Wednesday, October 15, 2008

Just a little vent.

As Garrett's first birthday comes around, Todd and I have been talking a lot about baby #3. He really wants to have another one. I'm freaked out by the thought of having 3 kids under the age of 3. But my biggest concern is my weight. The last time I weighed this much, I was pregnant. I'm still almost 20 pounds heaver that I was when I got pregnant with the boys.

I broke down to Todd yesterday. Pretty much melted. As much as I want to complete our family and please my husband... I can't do it right now. I told him about the pressure that I was feeling from him. Being pregnant when you're overweight is HARD. Yes, I've had two c-sections, but delivery is hard, too. The epidural and spinal block hurt to begin with.
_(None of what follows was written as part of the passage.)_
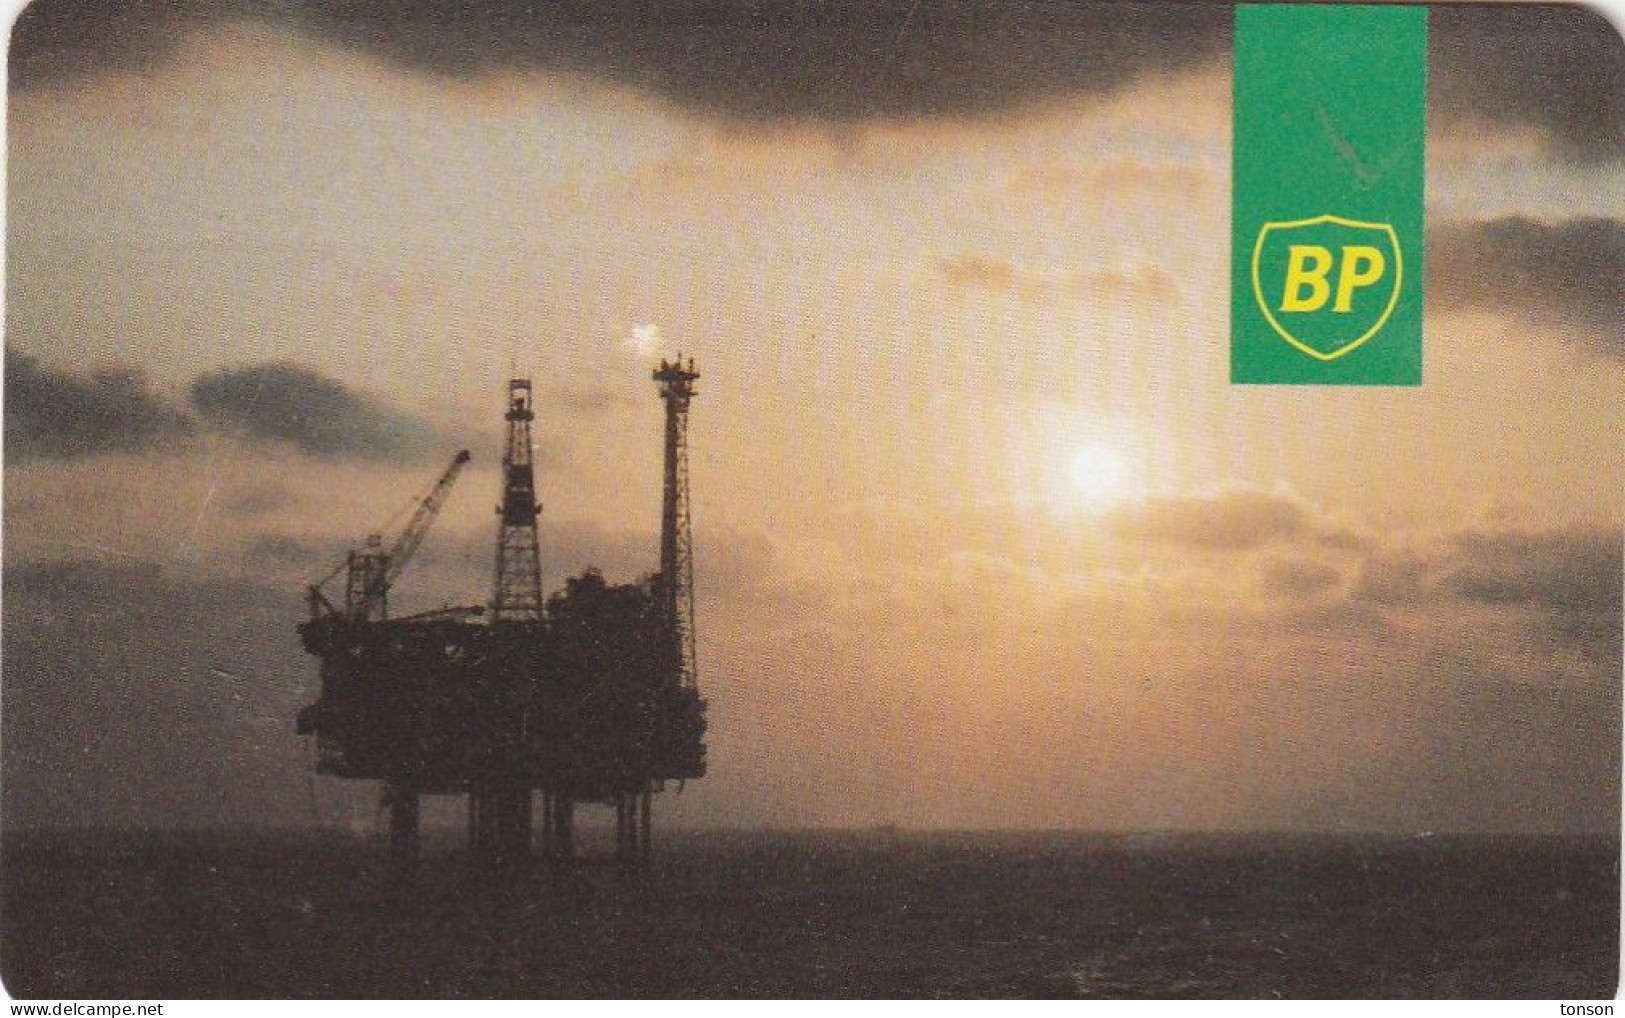 UK Oil Rig Phonecard - BP, GB-OIL-AUT-0006, IPL Scotland - 50u Red, 2 Scans. - [ 2] Oil Drilling Rig

Combine that with being so fat that they can't even tell where they're putting the needle and have to keep trying for thirty minutes and it's hell.

With my last pregnancy, my blood pressure kept climbing. All my labs came back negative for pre-eclampsia, but they couldn't get my blood pressure down. They ended up taking Garrett over 2 weeks early.

I can't do it again.

But then comes the spacing issue. Saying that our boys are close, is an understatement. We will probably only be able to have one more because of the c-section issue. If we wait until I lose ALL the weight I want to lose, #3 could be three years (maybe more) younger than Garrett. I know that's not a huge gap, but it seems big to me.

I'm really torn. I have no idea what to do. I totally hate myself right now.

2 comments:

stewbert said...

Oh, Katie, I'm so sorry! I know how much it sucks to be big and pregnant, although I did get to miss out on the C-section part of things. And spacing kids farther apart is a tough choice -- I have an only child and so does hubby. We don't want another "only" child, but I can't be pregnant again any time soon either. So I totally get how you're feeling, even if I have no words of advice to give. HUGS!!!

Anonymous said...

3 years really isn't that big of a gap. If it helps, the sibling just older than me is 3 years older and we are extremely close. I'm a firm believer in you doing things for YOU not because you feel outside pressure to do so.